SYSTEM-DEFINED RATIONAL-CONCERNING DATA TYPES
sys.std.Rational.Type.PInt2_36
This is an enumeration data type. PInt2_36 is a proper subtype of PInt where all member values are between 2 and 36. (The significance of the number 36 is 10 digits plus 26 letters.) Its default and minimum value is 2. Its maximum value is 36. The cardinality of this type is 35.
sys.std.Rational.Type.BRat
This is an enumeration data type. BRat (binary rational) is a proper subtype of Rat where the radix is 2; it is the best option to exactly represent rational numbers that are conceptually binary or octal or hexadecimal, such as most IEEE-754 floating point numbers.
sys.std.Rational.Type.DRat
This is an enumeration data type. DRat (decimal rational) is a proper subtype of Rat where the radix is 10 (or if it could be without the float possrep normalization constraint); it is the best option to exactly represent rational numbers that are conceptually the decimal numbers that humans typically work with.
FUNCTIONS FOR RATIONAL MATH
These functions implement commonly used rational numeric operations.
sys.std.Rational.abs
function sys.std.Rational.abs (NNRat <-- Rat $topic)

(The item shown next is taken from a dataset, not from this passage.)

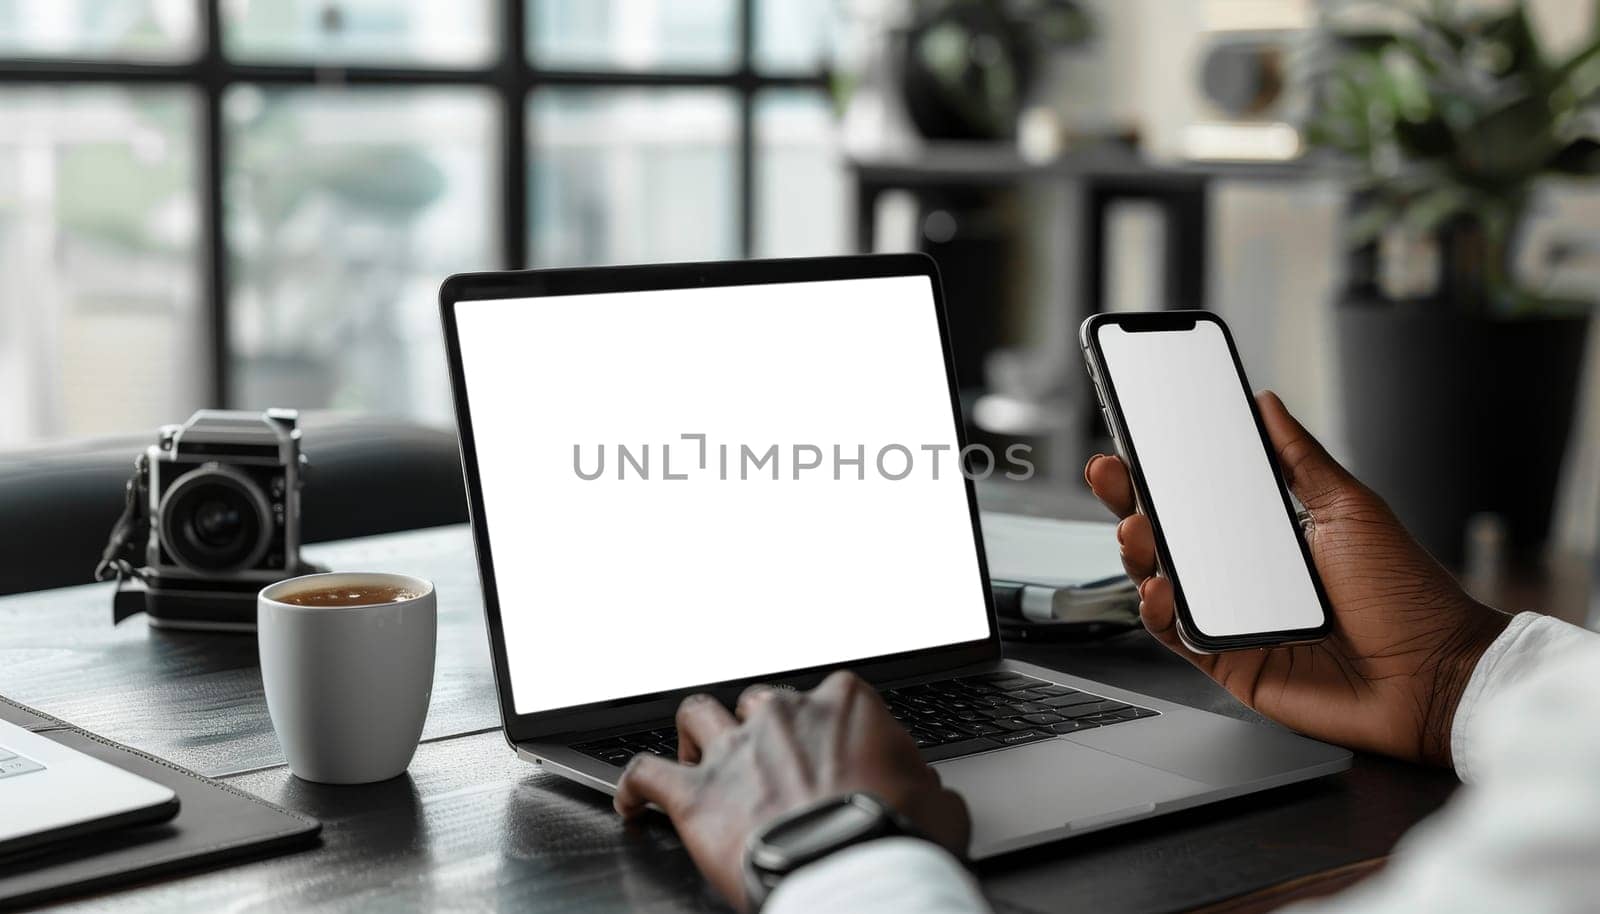 A person is holding a cell phone and a laptop computer by AI generated image.
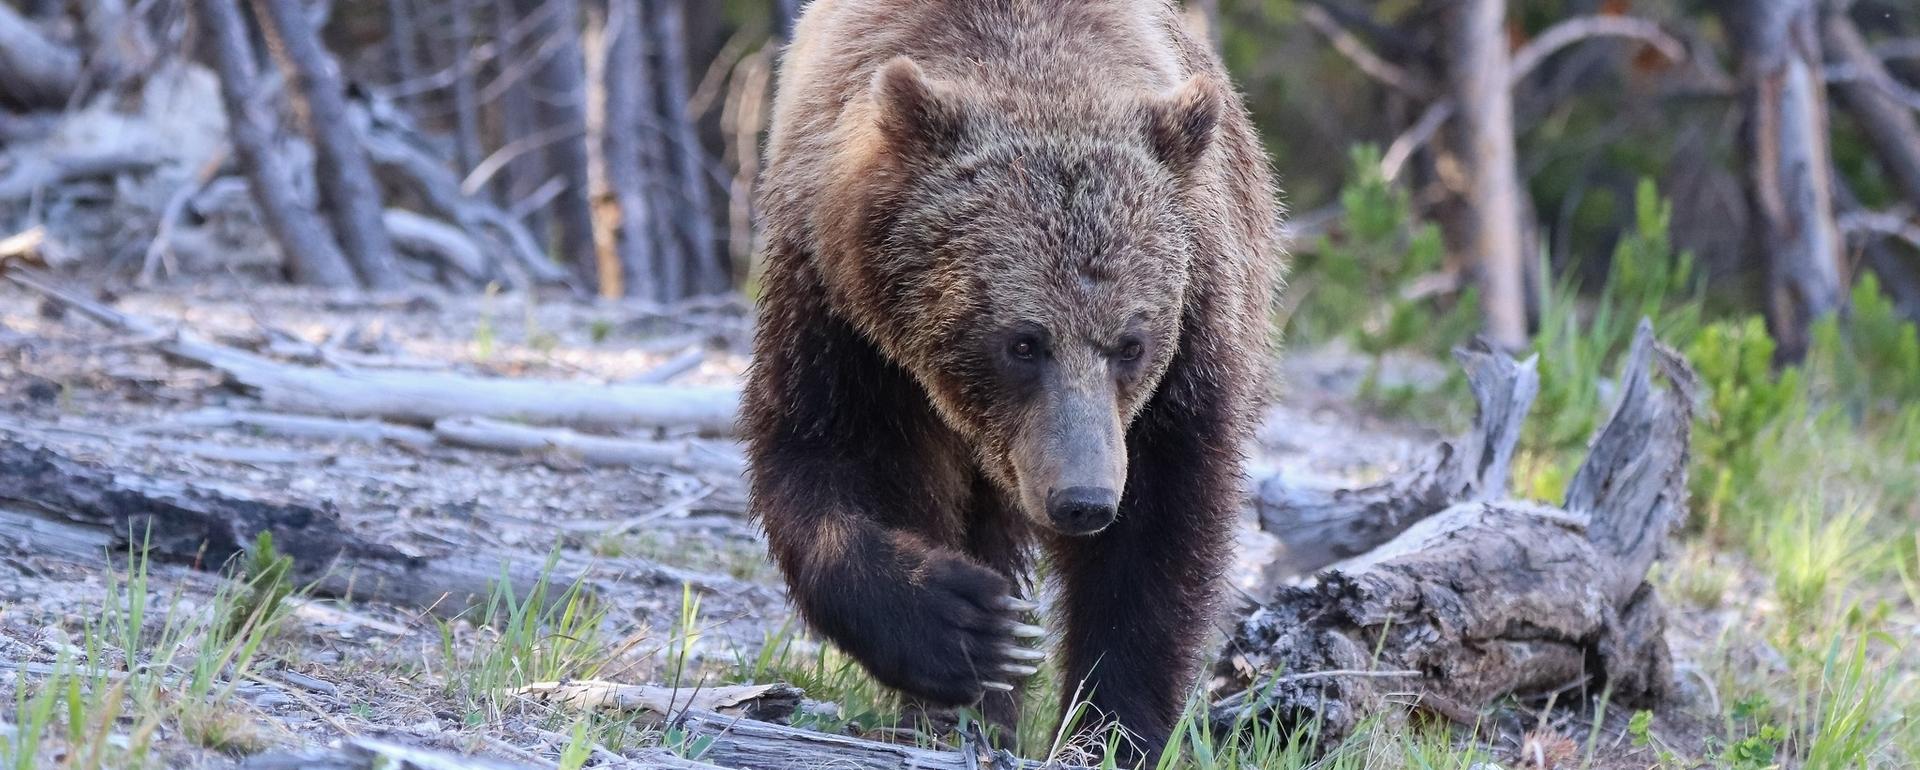 A grizzly bear near Roaring Mountain, Yellowstone National Park

This function results in the absolute value of its argument. Note that this operation is also known as N||.
sys.std.Rational.sum
function sys.std.Rational.sum (Rat <-- bag_of.Rat $topic?)
This function results in the sum of the N element values of its argument; it is a reduction operator that recursively takes each pair of input values and adds (which is both commutative and associative) them together until just one is left, which is the result. If topic has zero values, then sum results in the rational zero, which is the identity value for addition. Note that this operation is also known as addition or plus or N+.
sys.std.Rational.diff
function sys.std.Rational.diff (Rat <-- Rat $minuend, Rat $subtrahend)
This function results in the difference when its subtrahend argument is subtracted from its minuend argument. Note that this operation is also known as subtraction or minus or N-.
sys.std.Rational.abs_diff
function sys.std.Rational.abs_diff (Rat <-- Rat $topic, Rat $other)
This symmetric function results in the absolute difference between its 2 arguments. Note that this operation is also known as N|-|.
sys.std.Rational.product
function sys.std.Rational.product (Rat <-- bag_of.Rat $topic?)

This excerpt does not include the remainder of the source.